About five Yemenis were killed when an explosives-laden car blew up near Yemen's Finance Ministry headquarters in the southern port city of Aden early Wednesday, local officials said. According to the Aden-based officials, a group of militants detonated a vehicle-borne improvised explosive device and targeted the Ministry of Finance building in KhorMaksar district of Aden.
Residents told Xinhua that the blast was so powerful that it sent a large plume of smoke up over the area, causing partial damage to nearby residential buildings. "Five people were killed and a number of other citizens are being treated in hospital. Some of them have light injuries due to shattered glass, most of them civilians," Col. Nasser Babad, director of the police station in KhorMaksar, told Xinhua.
Another security source said the blast occurred in the early hours when no government workers or employees were present at the ministry building and all the offices empty. However, the explosion badly damaged the building and engulfed it with flames for hours, leaving everything including important government documents on fire.

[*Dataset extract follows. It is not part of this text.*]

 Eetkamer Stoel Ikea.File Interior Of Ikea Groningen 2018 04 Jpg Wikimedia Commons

Security forces, backed by armored vehicles, cordoned off the area as firefighters and ambulances rushed to the scene. No group has yet claimed responsibility for the attack. But the Islamic State (IS) claimed responsibility for two previous suicide attacks against security buildings in Aden in November, which killed more than 47.

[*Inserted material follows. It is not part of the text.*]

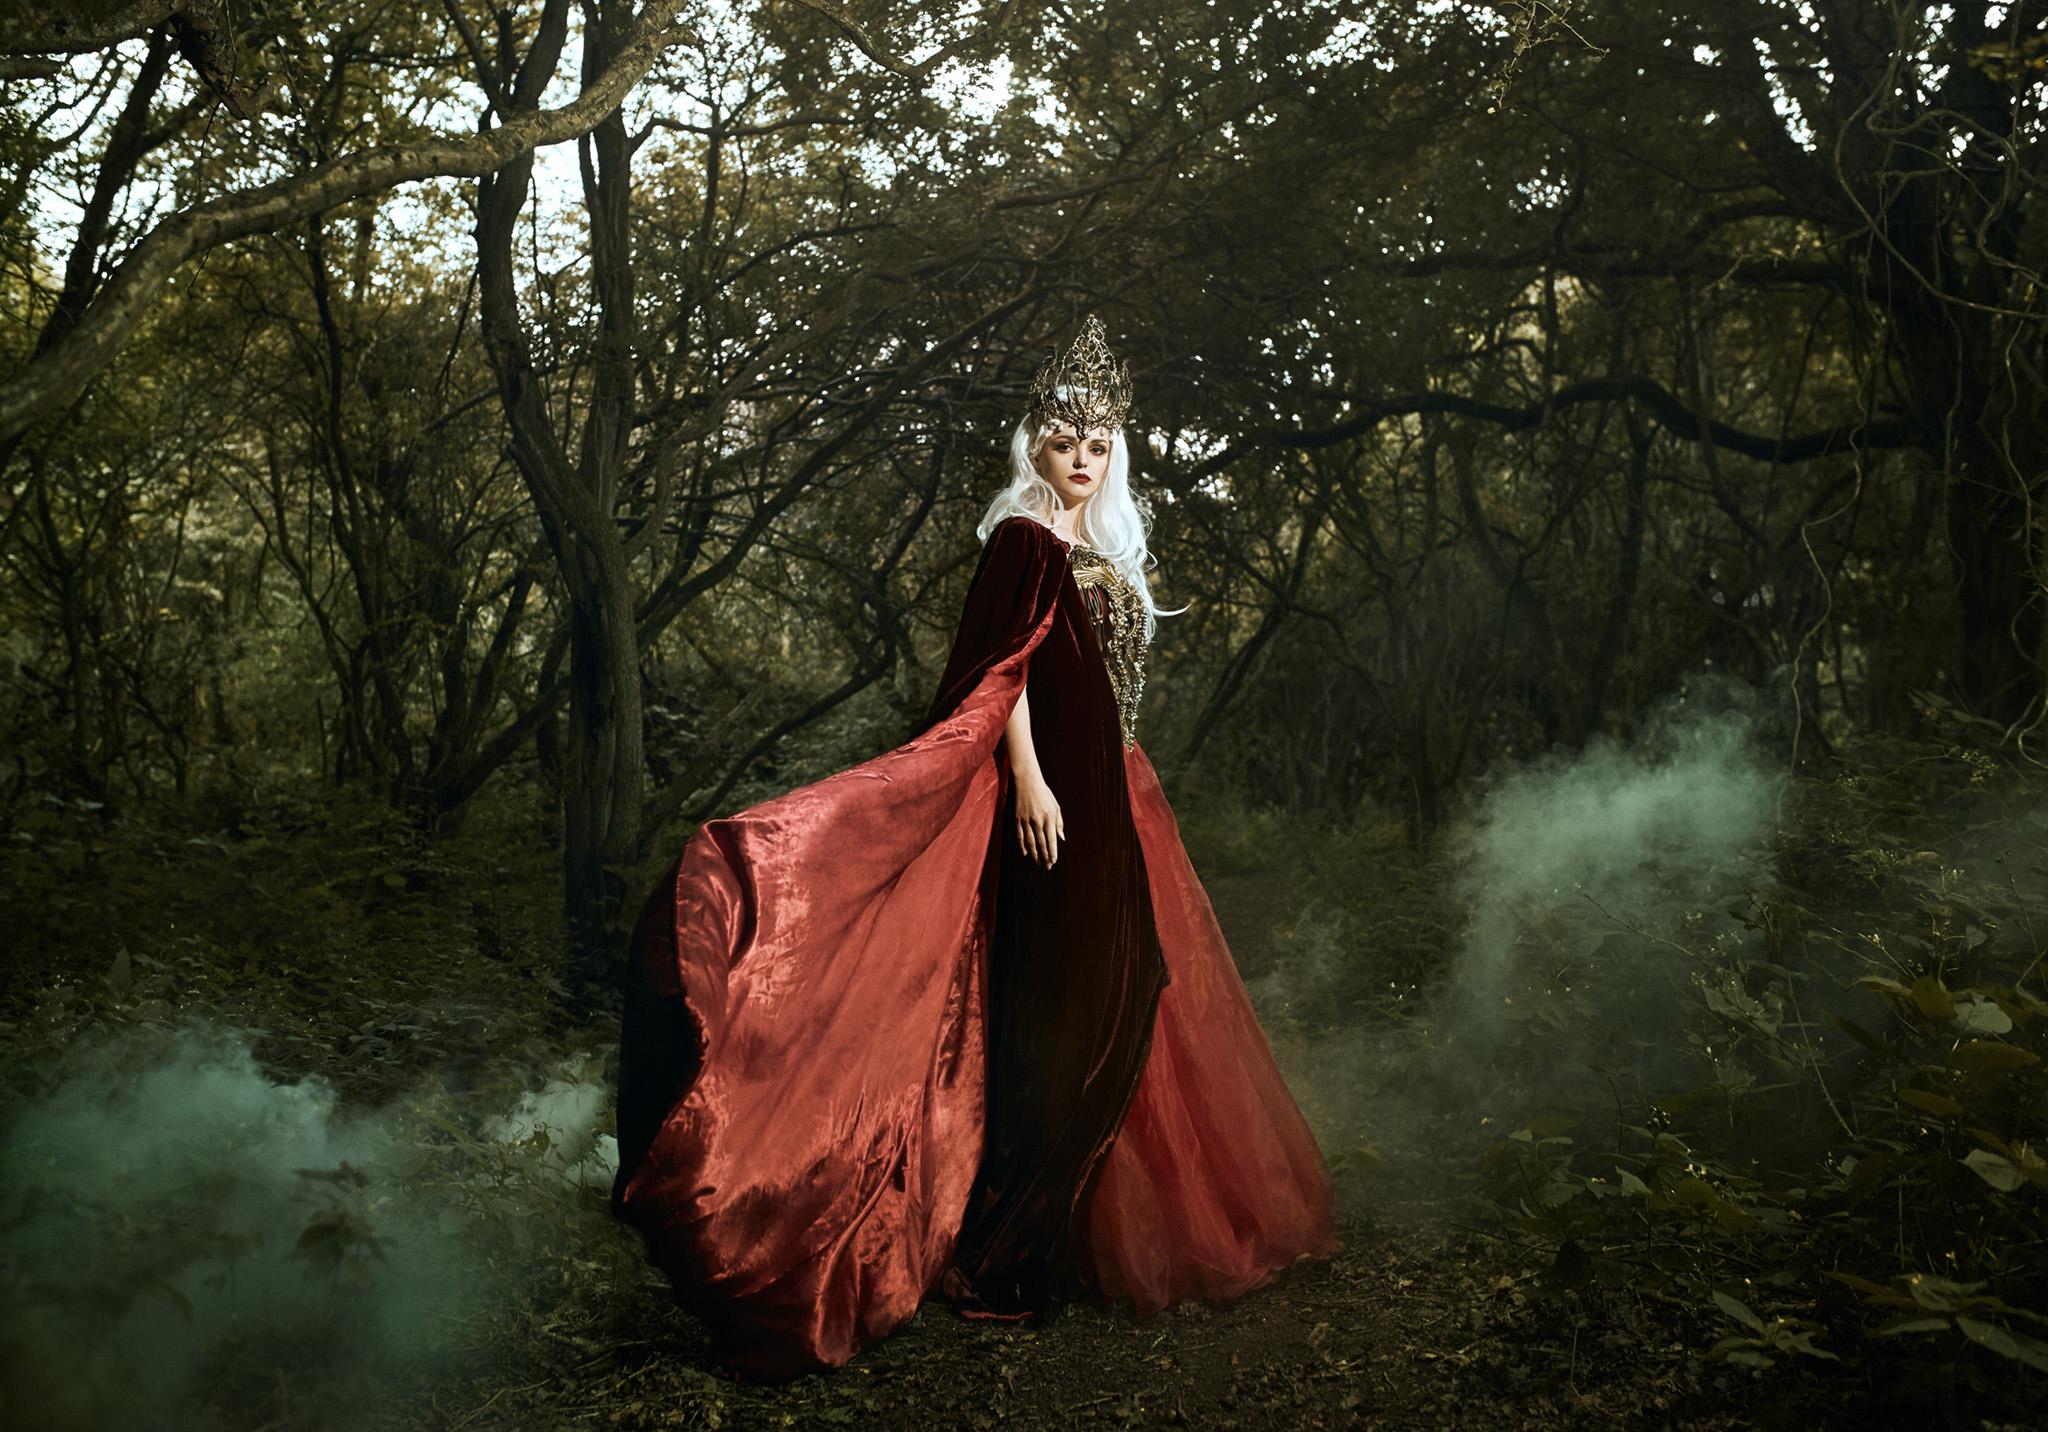 Bella_Kotak_Profoto_Canon_Fairytale_Fantasy_Photography_Portrait_Portraiture_Flowers_FLoral_Queen_Princess_Disney_Fashion_Editorial_A1_Lighting_Pink_Hair_Magical_Ethereal_Solstice_Retouch_6.jpg

According to observers, the suicide attacks and repeated drive-by shootings in Aden point to a spectacular intelligence failure and the fact that terrorists have managed to move and launch attacks despite the heavy presence of Yemeni troops backed by the United Arab Emirates.
The port city of Aden is considered Yemen's temporary capital, where the Saudi-backed government has based itself since 2015. During the past two years, the Al-Qaeda in the Arabian Peninsula and other terrorist groups including the IS had an active presence in southern Yemen.
The impoverished Arab country has been locked into a civil war since Iranian-backed Shiite Houthi rebels overran much of the country militarily and seized all northern provinces including the capital Sanaa in 2014. Saudi Arabia has been leading an Arab military intervention coalition in Yemen since 2015 to support the government of President Abd-Rabbu Mansour Hadi after Iran-backed Houthi rebels forced him into exile.
The United Nations has listed Yemen as the world's number one humanitarian crisis, where seven million Yemenis are on the brink of famine and cholera has caused more than 2,000 deaths.